S4, after the central server receives the combined encryption information, after verification is successful, decrypting to obtain processed model parameters, and performing aggregation evaluation on the model parameters uploaded by the plurality of received clients by the central server to obtain updated global parameters;
in step S4, after receiving the combined encryption information, the central server decrypts the encrypted combination information to obtain the processed model parameters, as shown in fig. 4, specifically,
s41, after receiving the combined encryption information, the central server decrypts the key encryption part by using an RSA private key to obtain a restored AES key;
s42, decrypting the ciphertext part by the restored AES key to obtain a plaintext, namely a training parameter, and performing Hash function processing on the plaintext by the central server to obtain a first Hash result, namely a summary result after ciphertext processing;
s43, decrypting the public key shared by the client side by the signature part through the central server to obtain a second Hash result, namely a summary result sent by the client side;
s44, the center server compares the first Hash result with the second Hash result, and if the comparison result is the same, the verification is successful, the information is complete, the identity of the client is legal, the identity of the center server is verified successfully, and the center server uses decryption to obtain plaintext, namely the processed model parameters; otherwise, the authentication fails, and the central server performs authentication again or resends the information.
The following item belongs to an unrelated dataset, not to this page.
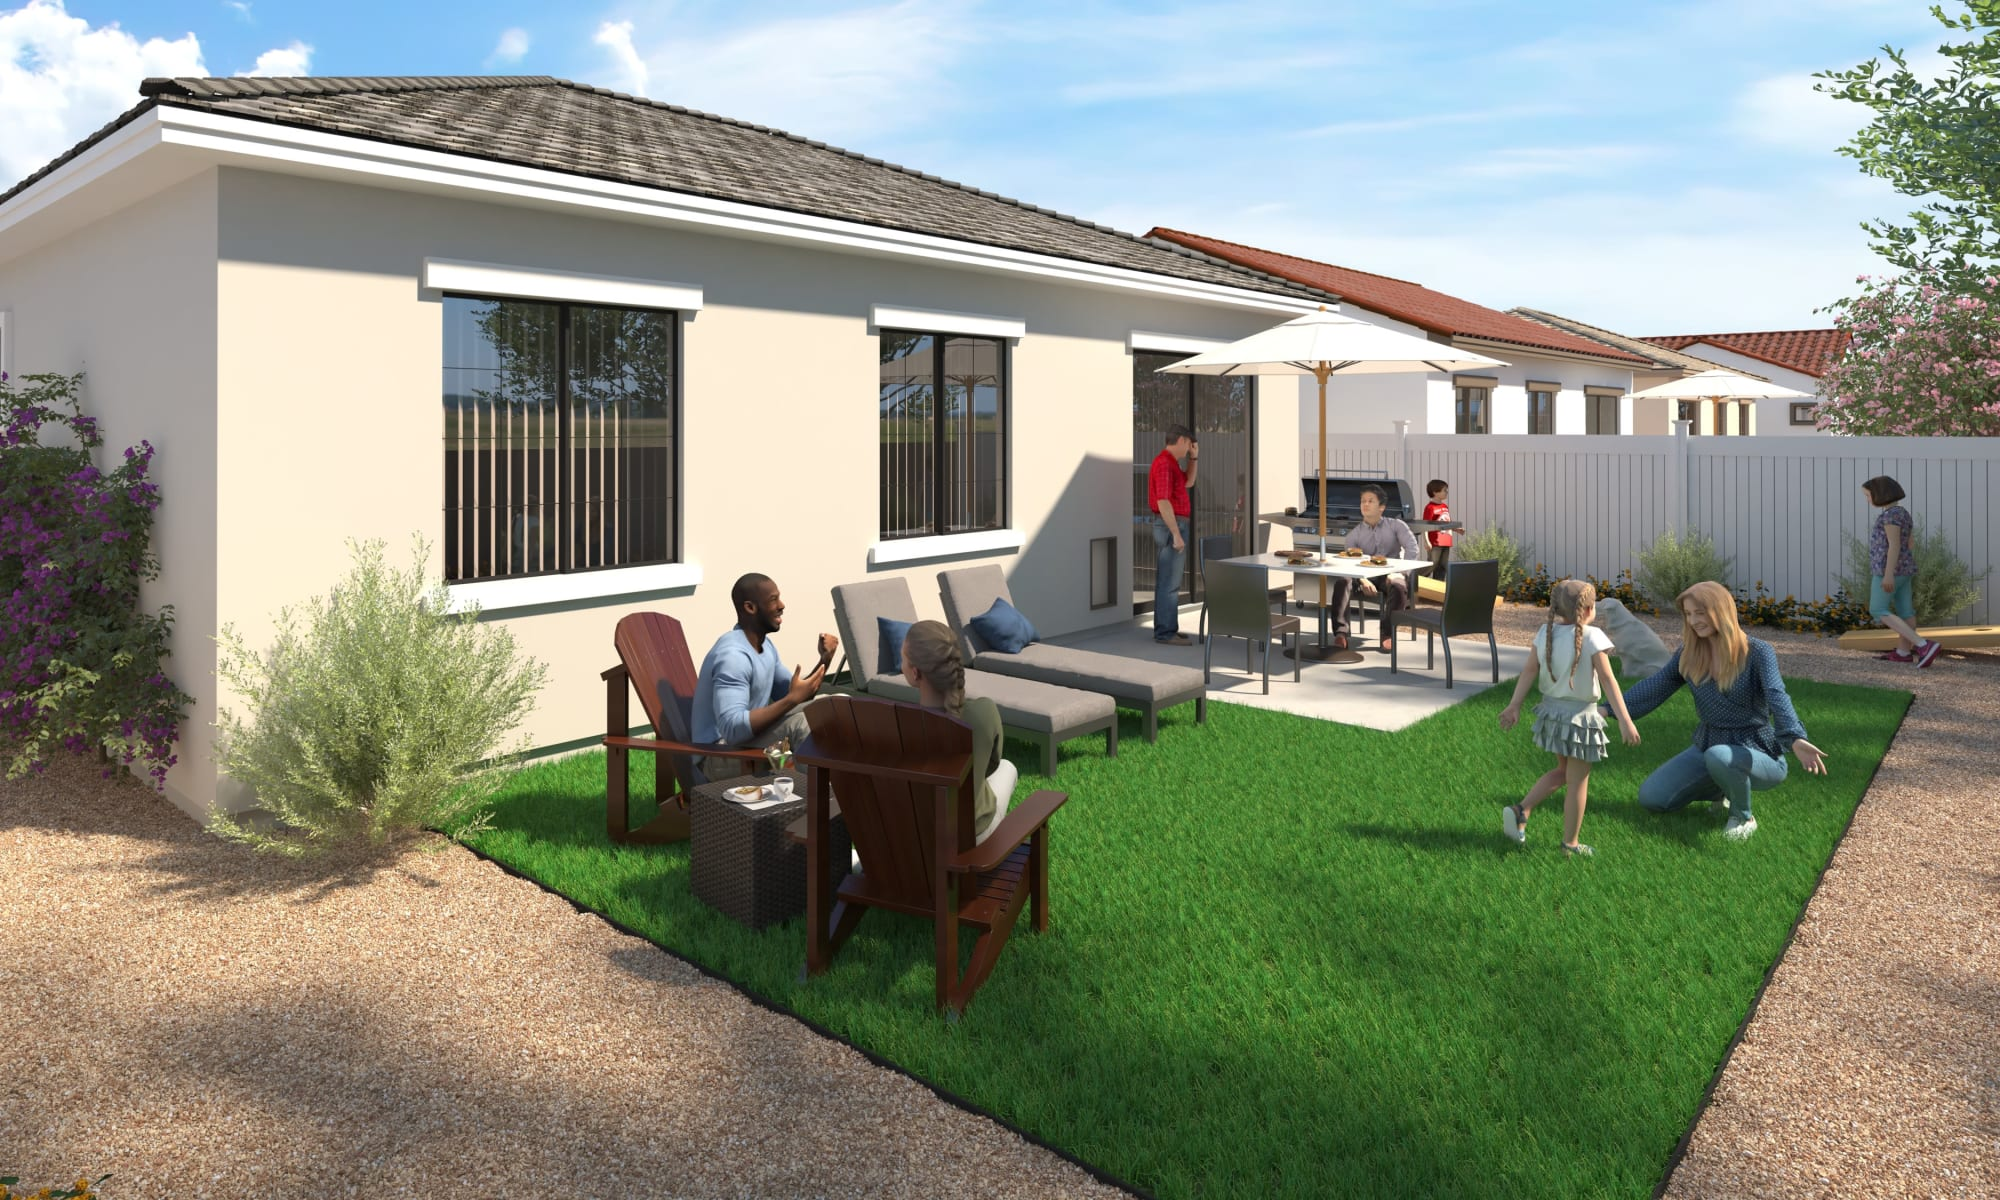 Luxury rental homes at Tavalo at Cadence in Mesa, Arizona
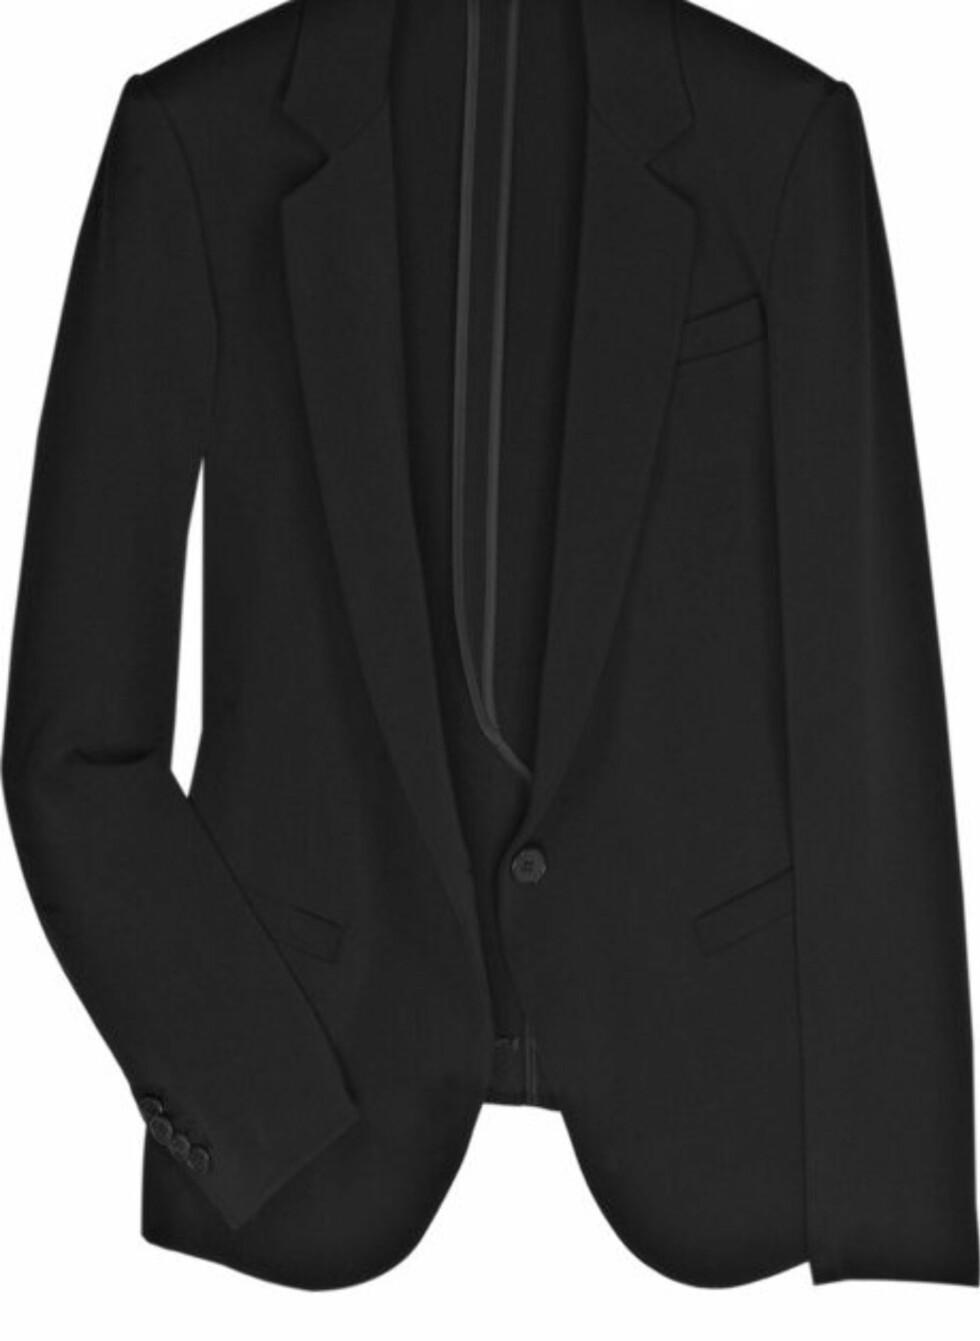 SPAR 2580 KRONER: Svart elegant dressjakke (cirka kr 1120, Theory/Theoutnet.com).

In step S4, the central server receives the full link layer output logits of each client, and then performs average processing to obtain global full link layer output logits, and returns to each client to continue updating the local model. Further averaging may be performed on the five most recent rounds of logits vectors to form global knowledge for guiding the training of the respective client model.
In step S4, the ciphertext portion is encrypted using the AES algorithm, so the central server needs to decrypt using the restored AES key. The center server compares the first Hash result with the second Hash result to further verify the integrity of the information and the validity of the identity, if the two summary results are the same, the information is complete, the identity of the client is legal, and the center server successfully verifies the identity. In this case, the central server may use the decrypted plaintext. If the summary results are different, the description information may have been tampered with and the central server needs to re-authenticate or re-send the information.
In step S4, since the data uploaded by each client is encrypted, the server needs to decrypt the RSA-encrypted AES key using the private key first, and then decrypt the model parameters using the AES key to obtain the original model parameters. These model parameters come from different clients and therefore the central server needs to aggregate them evenly in order to evaluate the performance of the model. The method comprises the steps that a central server verifies uploaded data to ensure the credibility of the data, a client side firstly uses a Hash function to process local model parameters to obtain a Hash result, then uses a client side private key to encrypt to obtain a signature part, and after the central server obtains the transmitted signature part, firstly uses a corresponding client side public key to decrypt to obtain the Hash result, and then further compares the Hash result with the Hash result obtained by a ciphertext part. The central server collects the model parameters which are uploaded by a plurality of clients and are subjected to encryption processing, and after the model parameters pass comparison, the model parameters are subjected to aggregation evaluation to obtain updated global parameters.
In step S4, the server needs to evaluate the aggregated model parameters. The evaluation may be done using some metrics such as accuracy, recall. The server will collect model parameters from all participating training clients, merge them into one global model using an aggregation algorithm, and send updates of the global model back to the individual clients. In this way, the client can perform further training and optimization locally by using the transferred global model, so as to improve the accuracy and robustness of the model.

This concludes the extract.